Work instructions:
The needed output is the run of lines below from the one containing "Expert Alloy Shallow" through the one containing "Luxury Yellow Gold", copied exactly and free of pictures.

Data for review:
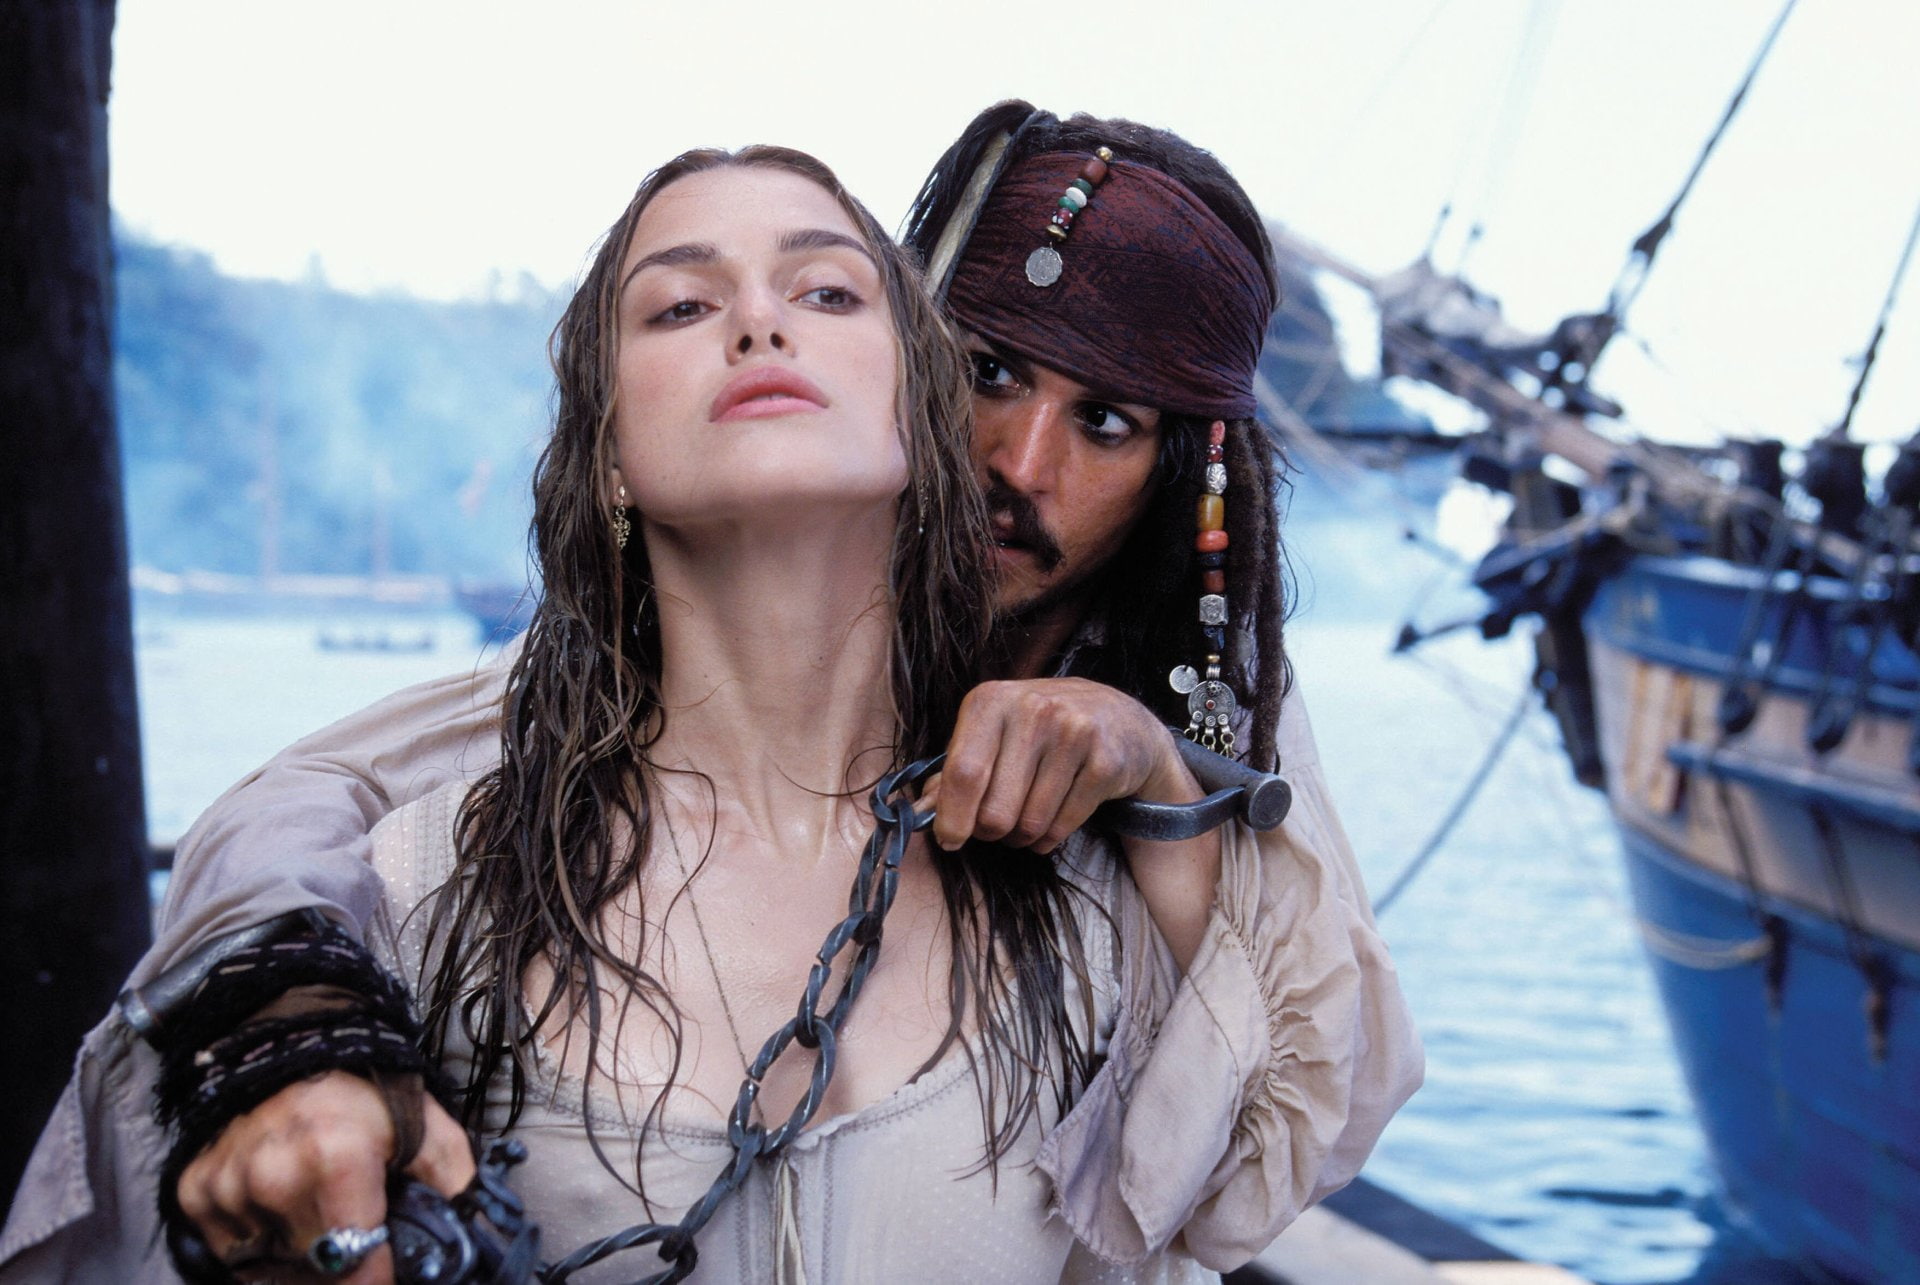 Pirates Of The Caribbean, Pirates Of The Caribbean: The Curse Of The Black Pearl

---

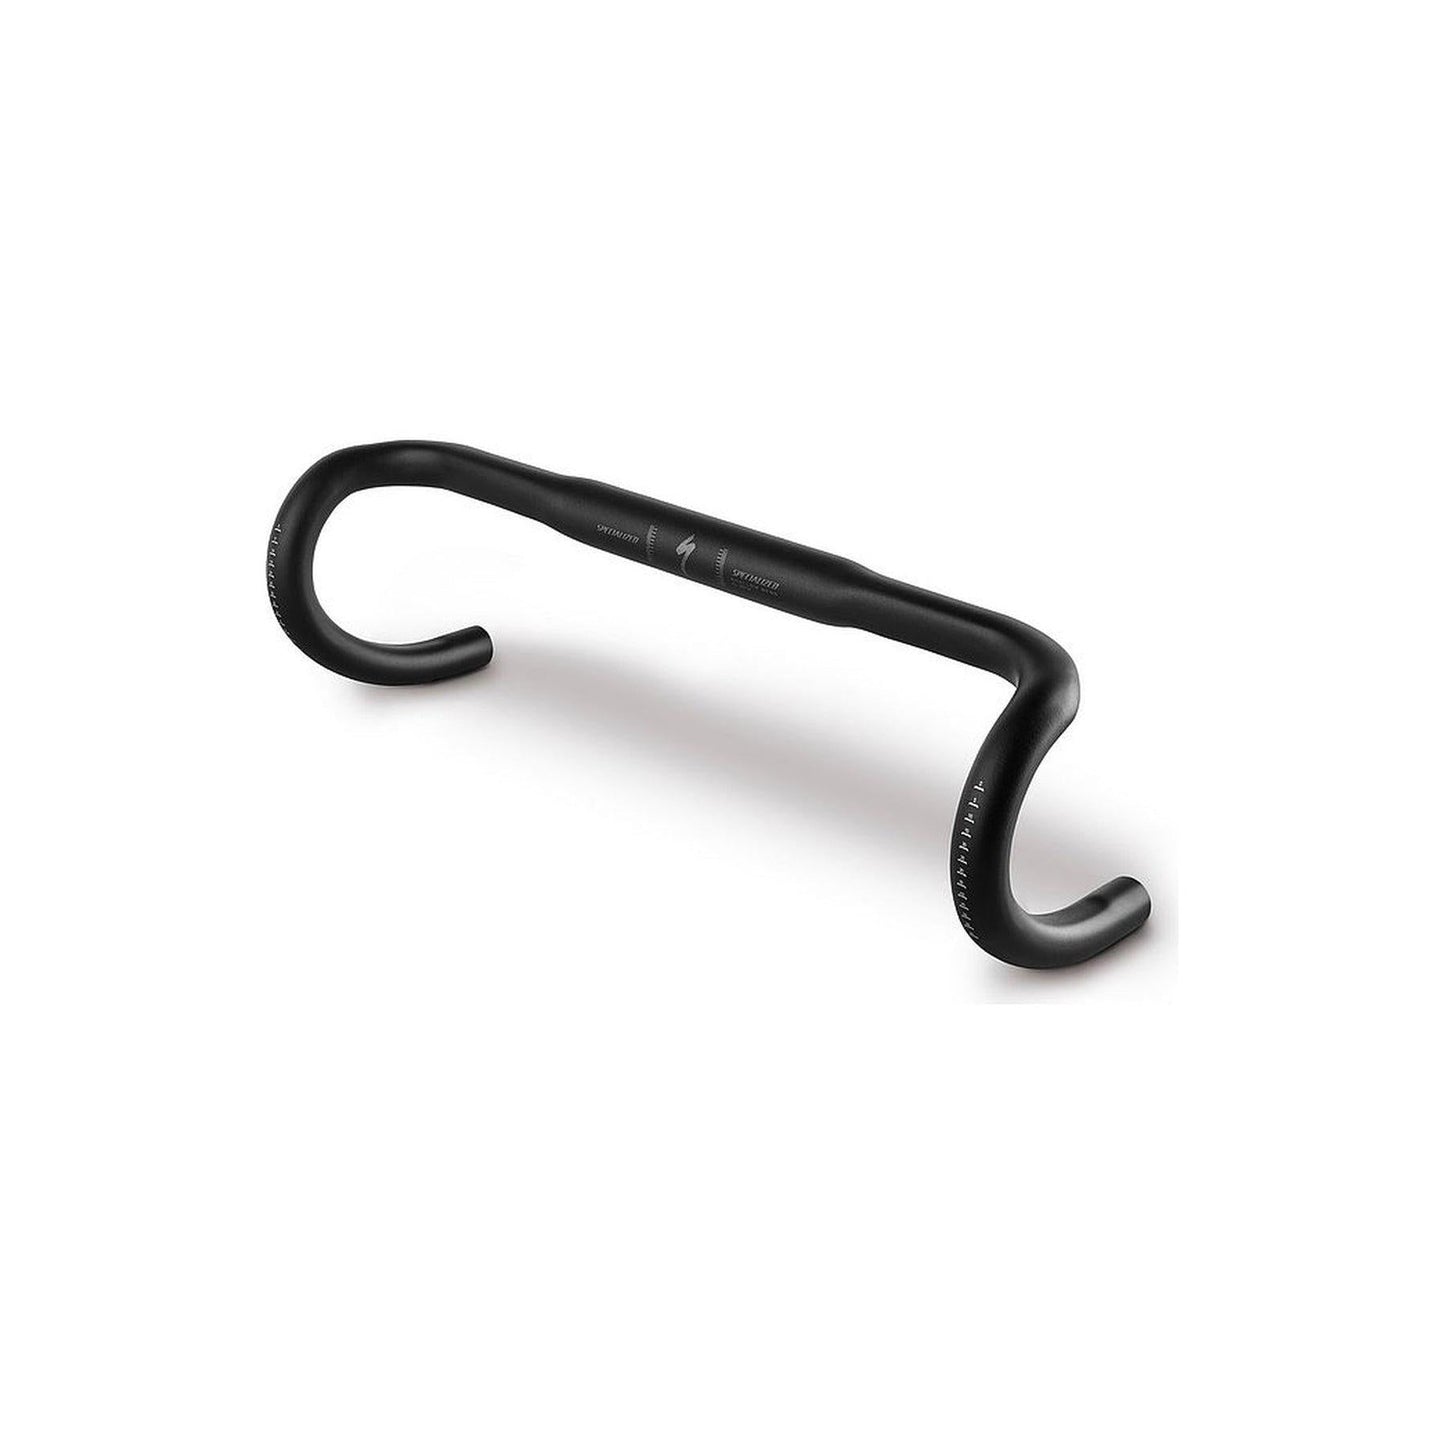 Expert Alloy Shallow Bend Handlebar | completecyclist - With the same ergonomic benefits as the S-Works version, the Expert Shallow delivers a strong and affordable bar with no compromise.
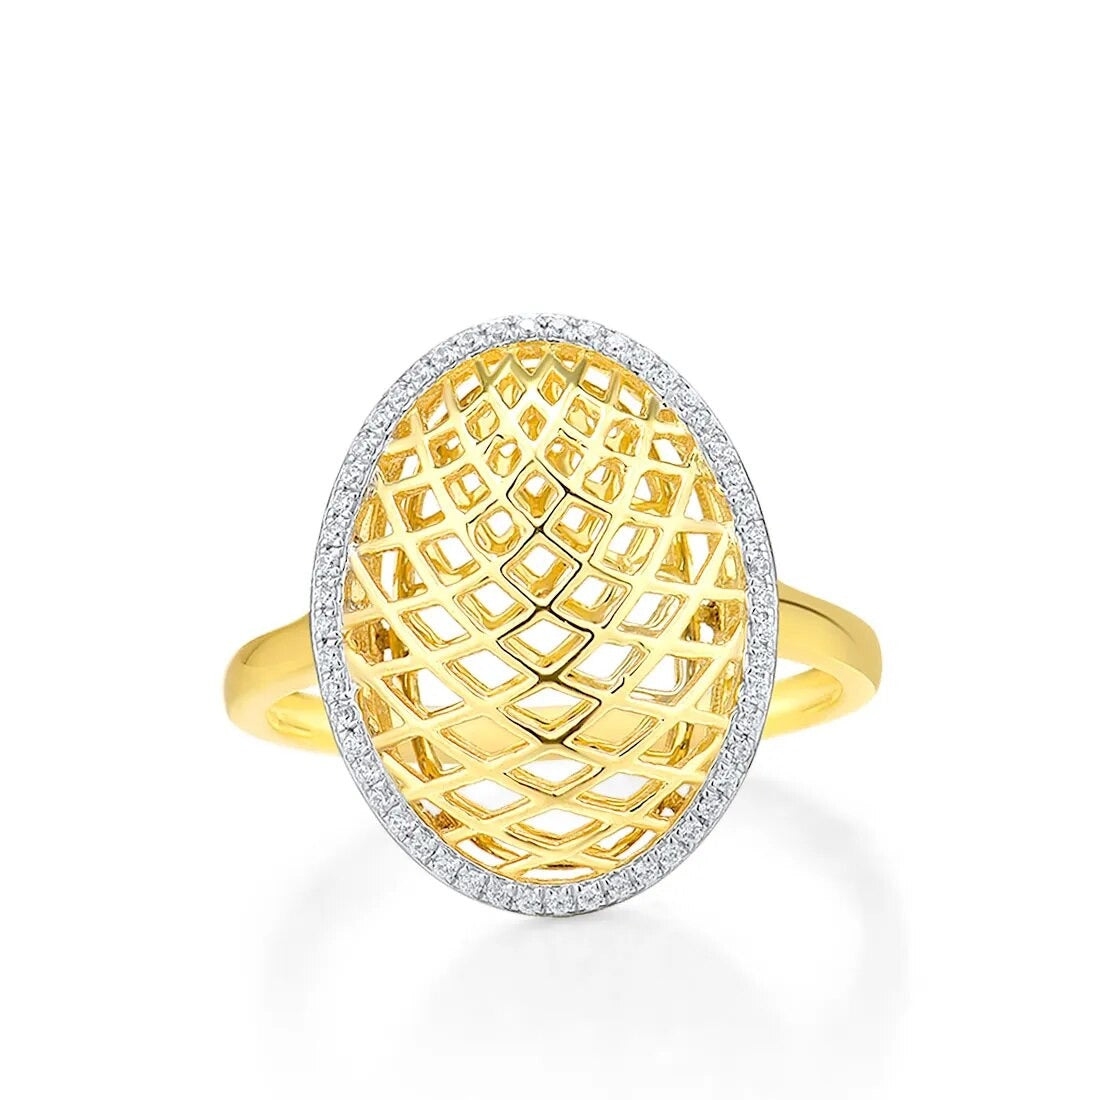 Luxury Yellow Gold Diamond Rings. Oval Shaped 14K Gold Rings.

Solution to the exercise:
 Expert Alloy Shallow Bend Handlebar | completecyclist - With the same ergonomic benefits as the S-Works version, the Expert Shallow delivers a strong and affordable bar with no compromise.
 Luxury Yellow Gold Diamond Rings. Oval Shaped 14K Gold Rings.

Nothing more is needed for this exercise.